The entire idea is not well-thought through, and rushing to do something for political reasons is never right. Unfortunately, that's often how things happen, particularly in Washington.
Another Washington wonder: private deposit insurance disclosure regulation. The law requiring disclosure of nonfederally insured credit unions has existed for just under two decades, so it's about time someone started enforcing it. A 2003 Government Accountability Office report stated, "Some privately insured credit unions GAO visited did not adequately disclose that these institutions were not federally insured; as a result, depositors at these institutions may not be fully informed that their deposits are not federally insured. For example, in unannounced site visits to 57 privately insured credit unions in Alabama, California, Illinois, Indiana and Ohio, GAO found that required notices were not posted in 37% of the locations."

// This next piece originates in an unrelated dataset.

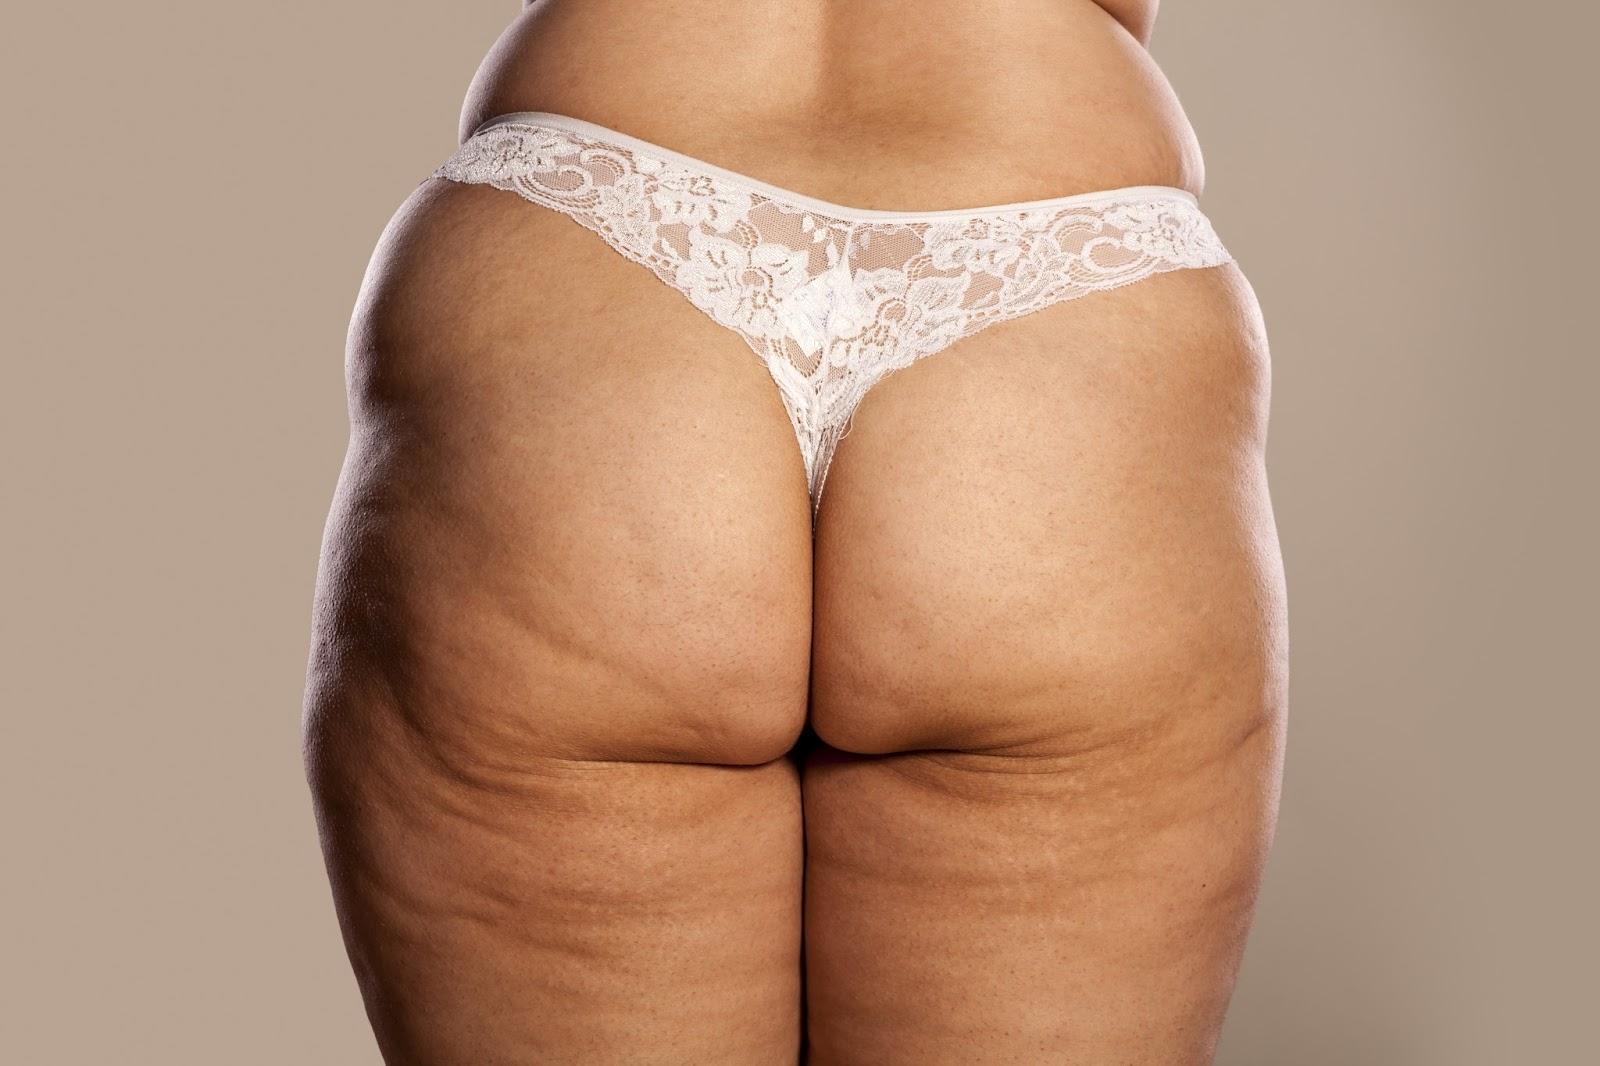 Фото больших голых поп зрелых, Большие жопы зрелых женщин (38 фото) 2 фотография

So finally, in 2010, the Federal Trade Commission, charged with enforcement, has issued a regulation. During a period of financial tumult going back more than two years, it's about time. Problems at the $819 million Silver State Schools Credit Union in Las Vegas renewed interest in the issue of private deposit insurance, though management and American Share Insurance have said the credit union's health has improved. Consumer awareness of the type of deposit insurance a financial institution carries should weigh heavily in the decision whether to park funds there or not.

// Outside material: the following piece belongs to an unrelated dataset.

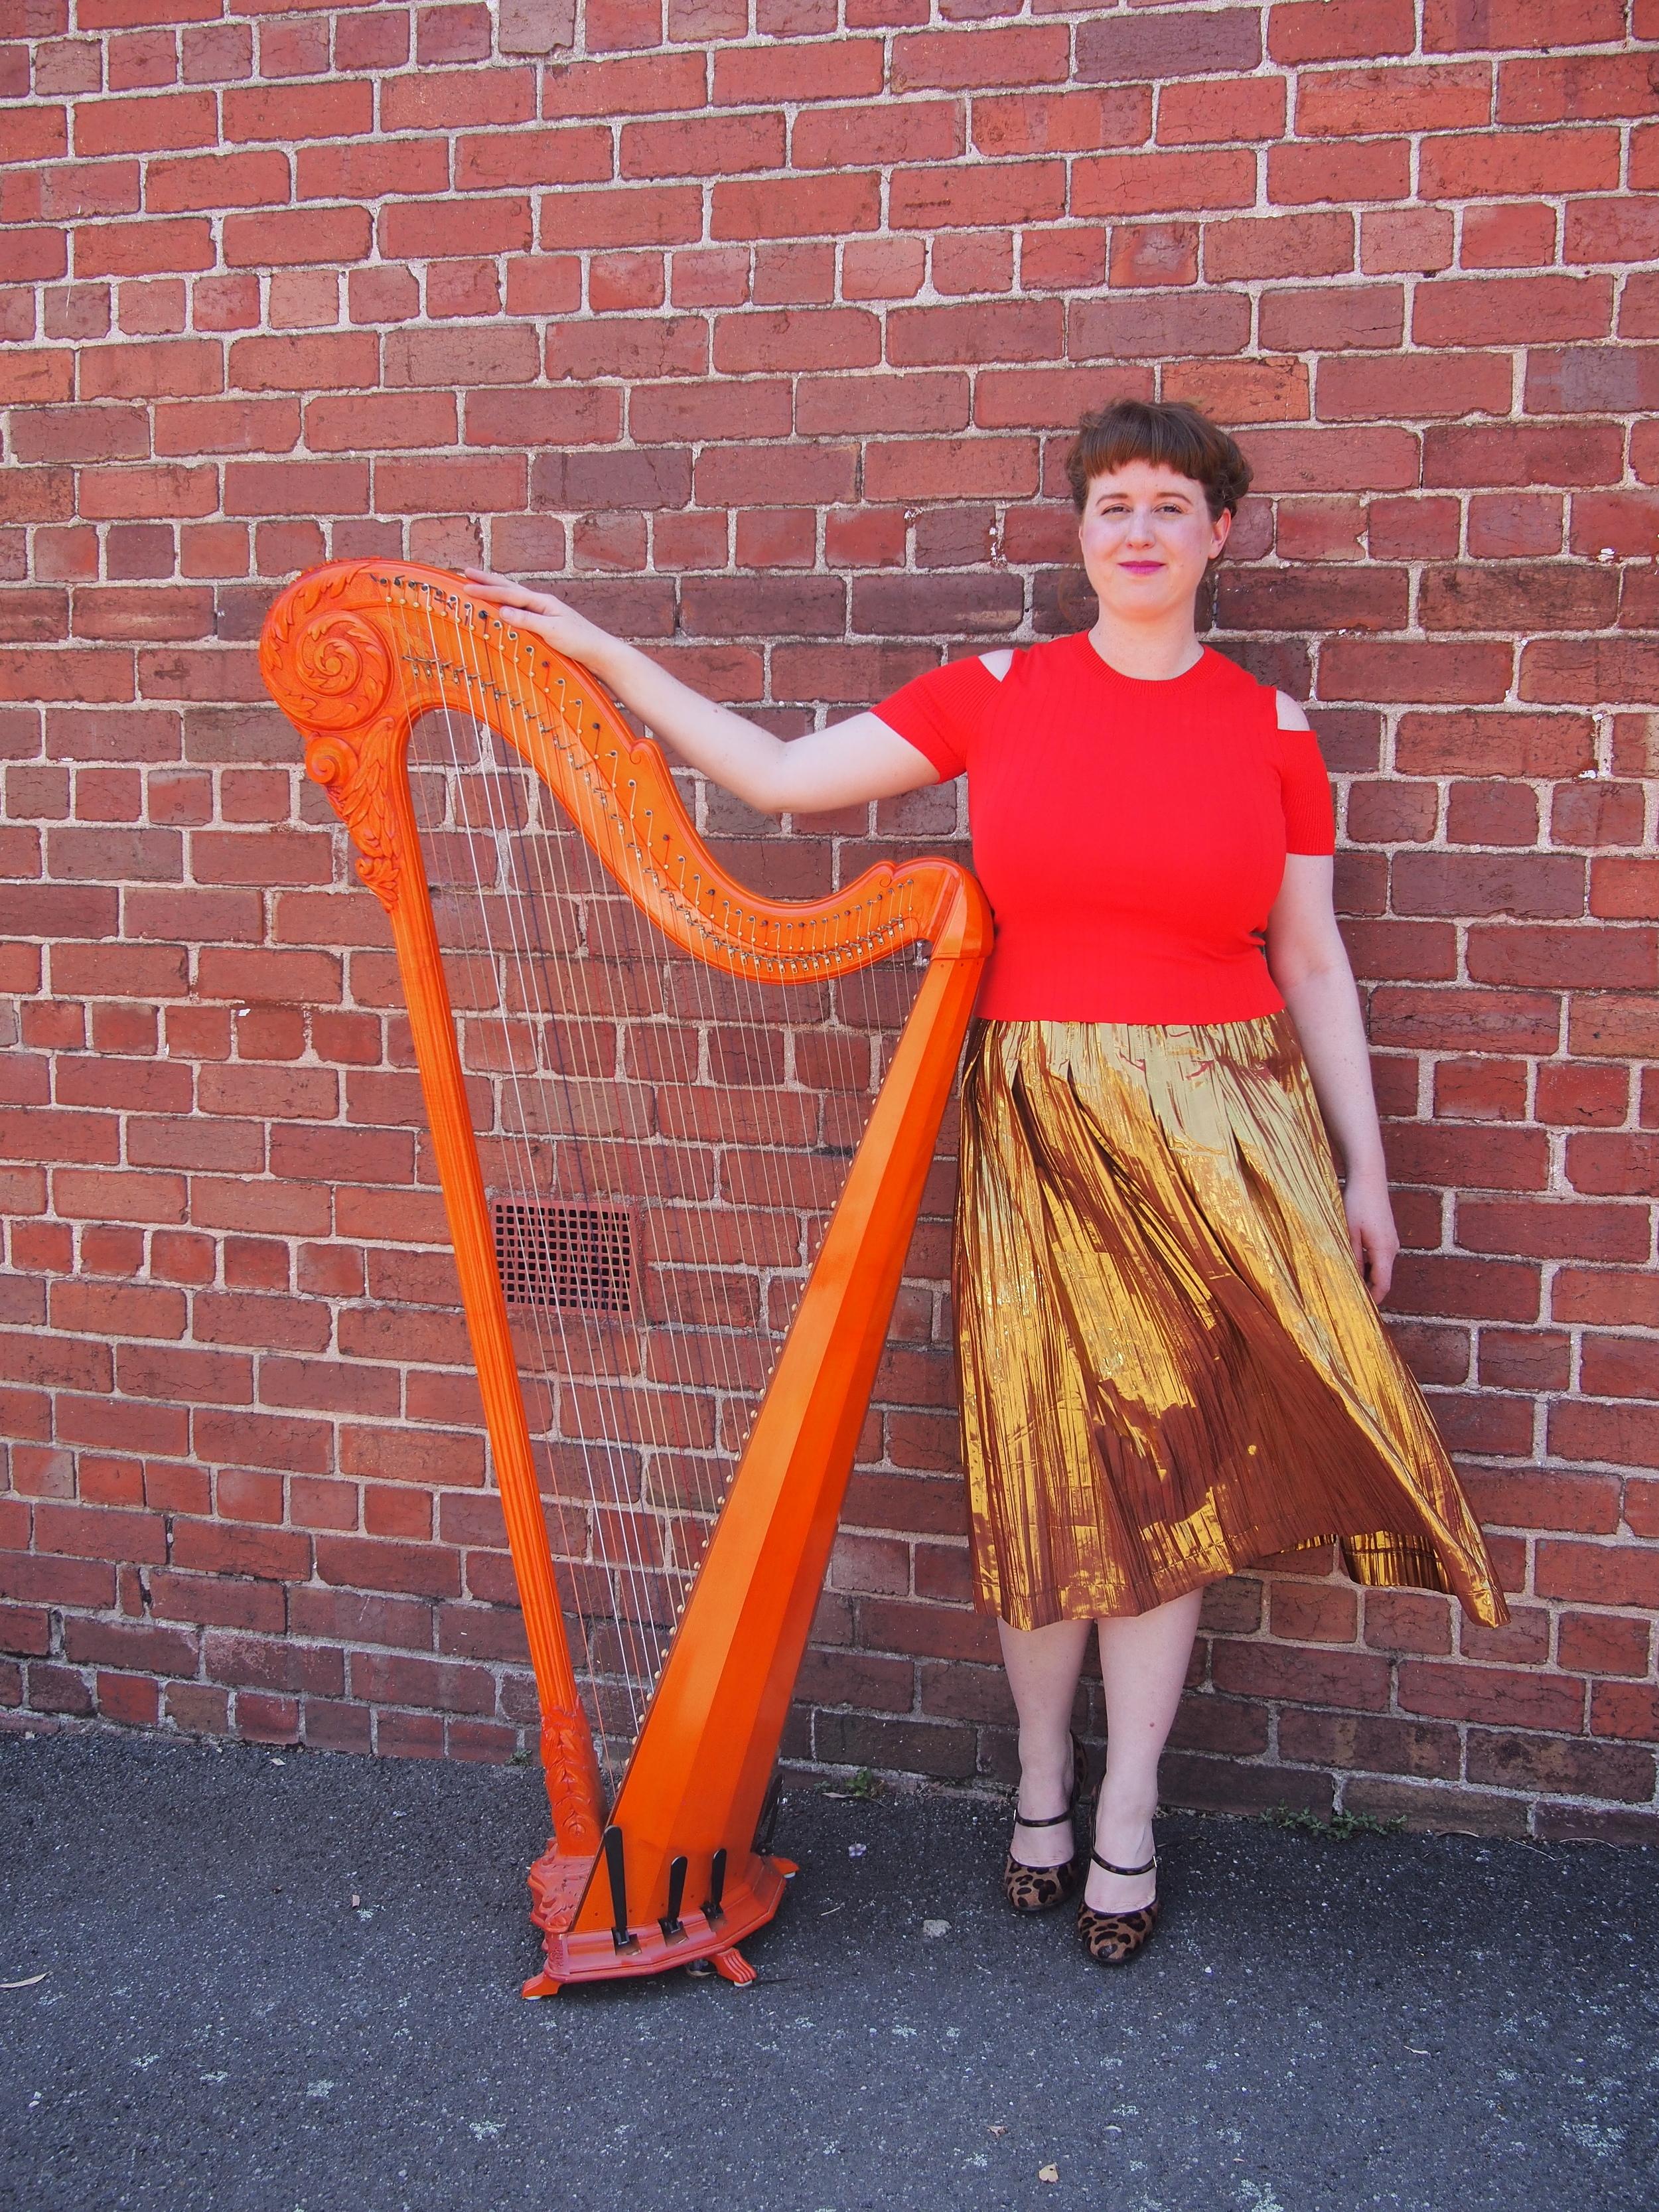 Hannah Lane Harpist

That's not to say deposit insurance options shouldn't exist, but depositors should be informed to the extent possible of the benefits and risks.
NCUA Chairman Debbie Matz issued a statement that, "In these uncertain and difficult economic times, consumers should know more about how their money is insured, and should know that the federal deposit insurance provided by the National Credit Union Share Insurance Fund is the best option for credit union members."

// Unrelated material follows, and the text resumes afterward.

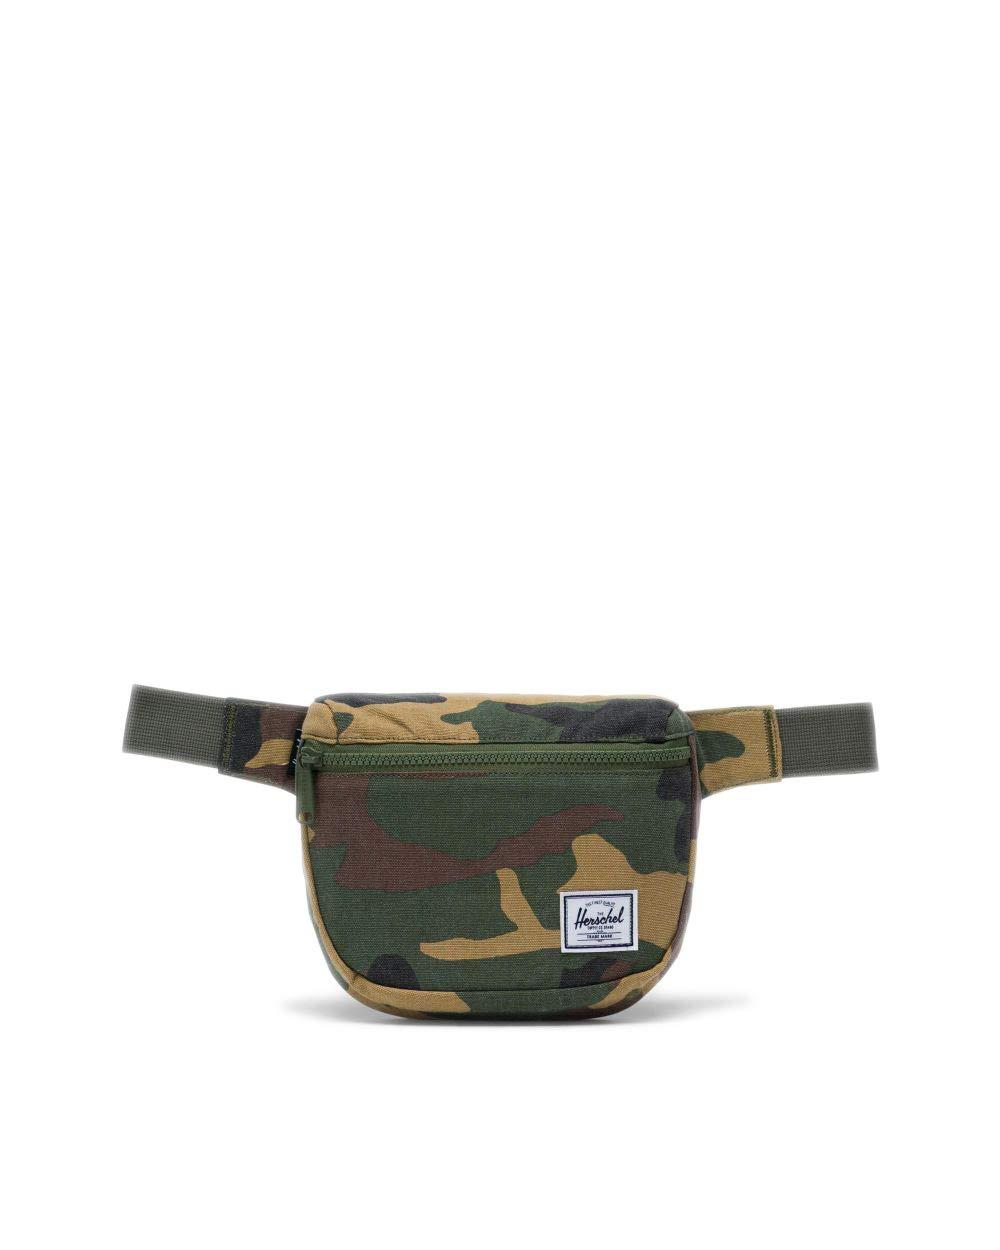 Herschel Supply Co. Fifteen Hip Pack - Camo/Woodland

On the other hand, NAFCU has not come out swinging against private insurance as it has at opportune times in the past. Nobody wants to stir greater problems at the privately insured credit unions because of the potential for reputational risk. However, I would think the sheer number, assets and geographic diversity of the federally insured credit unions could smother broader reputational risk if it became necessary. Federally insured credit unions in the states with private insurance, such as the sand states of California and Nevada, could bear the brunt should the worst happen.
Finally, since Credit Union Times is always thinking ahead for our readers, we've created a special supplement covering Gen Y from how to recruit and retain them on staff to how to gain them as members. Don't be fooled; those two items are separate yet very closely linked. The supplement is for subscribers only and can be found in the digital edition of the June 9Credit Union Times available at cutimes.com.
Gen Y is tricky to figure out, in part because stereotypes never cover everyone. Whether staff or members, they'll want everything all the time and insist on praise for accomplishing even the smallest tasks. Feed this to a degree, and they'll either work their tails off for you or pout that it's not enough. Gen Y has also been stereotyped as slackers and, like any other generation, some are. Recognize this and be sure you're at least getting out of it (or have the potential to) what you put into it. Give them opportunities to learn, contribute and shine. An idea that sounds outlandish to leadership may not among Gen Yers, so as long as it's well-planned and thought out, they may surprise you. Or they may screw up, and some of that is fine. too. Like anything else, there is no manual to working with or serving Gen Y, but we hope this report serves as a good discussion starter for the future of the industry.